Pracowałem w radiu od 1958 roku do 2004, do emerytury. A wszystko zaczęło się jeszcze przed maturą. Pociągała mnie muzyka inna niż ta nadawana w programie radiowym, gdzie dużo było ludowej, poważnej i z krajów socjalistycznych. Chciałem słuchać jazzu. Pamiętam, że były takie koncerty wykonawców radzieckich, na plakacie było napisane, że pani Shneider-Stiepanowa śpiewa w pierwszej części piosenki wojenne i rosyjskie romanse, a w drugiej części będzie jazz. Z przyjacielem ze szkoły chodziliśmy i cierpieliśmy przez pierwszą część, by potem usłyszeć jakieś dwa tematy grane nowocześniej. Potem kupiłem sobie encyklopedię jazzu po niemiecku, choć nie znałem tego języka. Po maturze nie wiedziałem, na jakie chcę iść studia, bo nie było w Polsce kierunków, które chciałem wybrać, a mianowicie jazz albo brydż. Poszedłem więc na filozofię, a po dwóch latach przeniosłem się na nowo otwartą socjologię.

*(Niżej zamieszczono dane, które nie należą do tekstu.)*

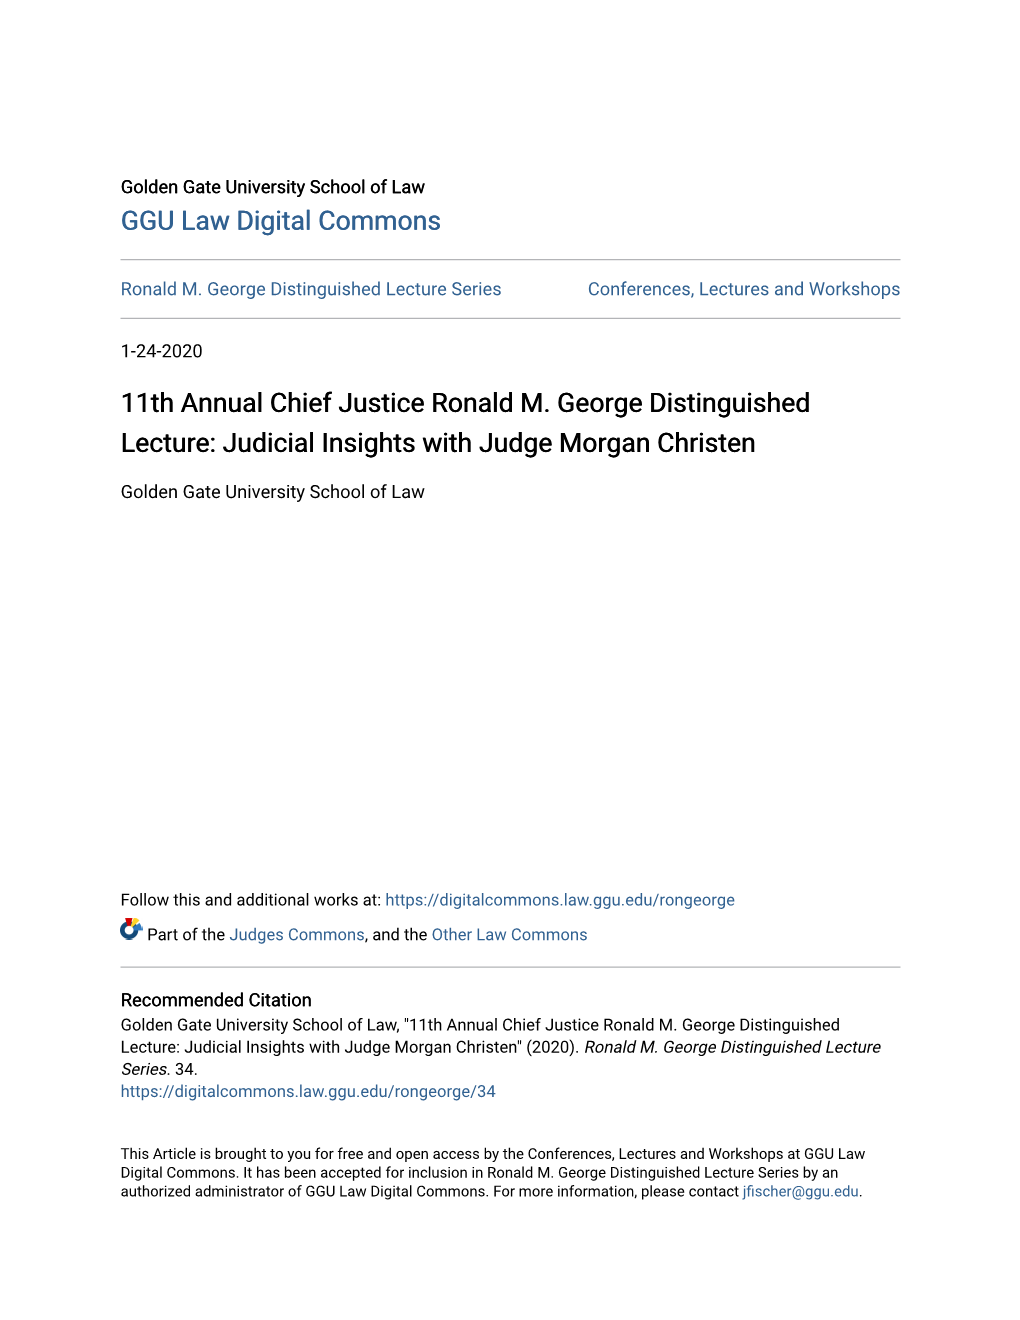 11Th Annual Chief Justice Ronald M. George Distinguished Lecture: Judicial Insights with Judge Morgan Christen

I zaczął Pan szukać pracy.
Z moim przyjacielem Witkiem Pogranicznym poszliśmy do Rozgłośni Harcerskiej, licząc, że są ludzie, których też interesuje jazz i rock'n'roll. Zrobiliśmy pierwszą audycję o Louisie Armstrongu, bardzo się podobała, potem były następne, aż w 1962 roku, kiedy powstawał Program III dyrektor Stanisław Stampf'l zaprosił nas do współpracy, gdzie stworzyliśmy podwaliny legendarnej Trójki. Mieliśmy wtedy po dwadzieścia kilka lat.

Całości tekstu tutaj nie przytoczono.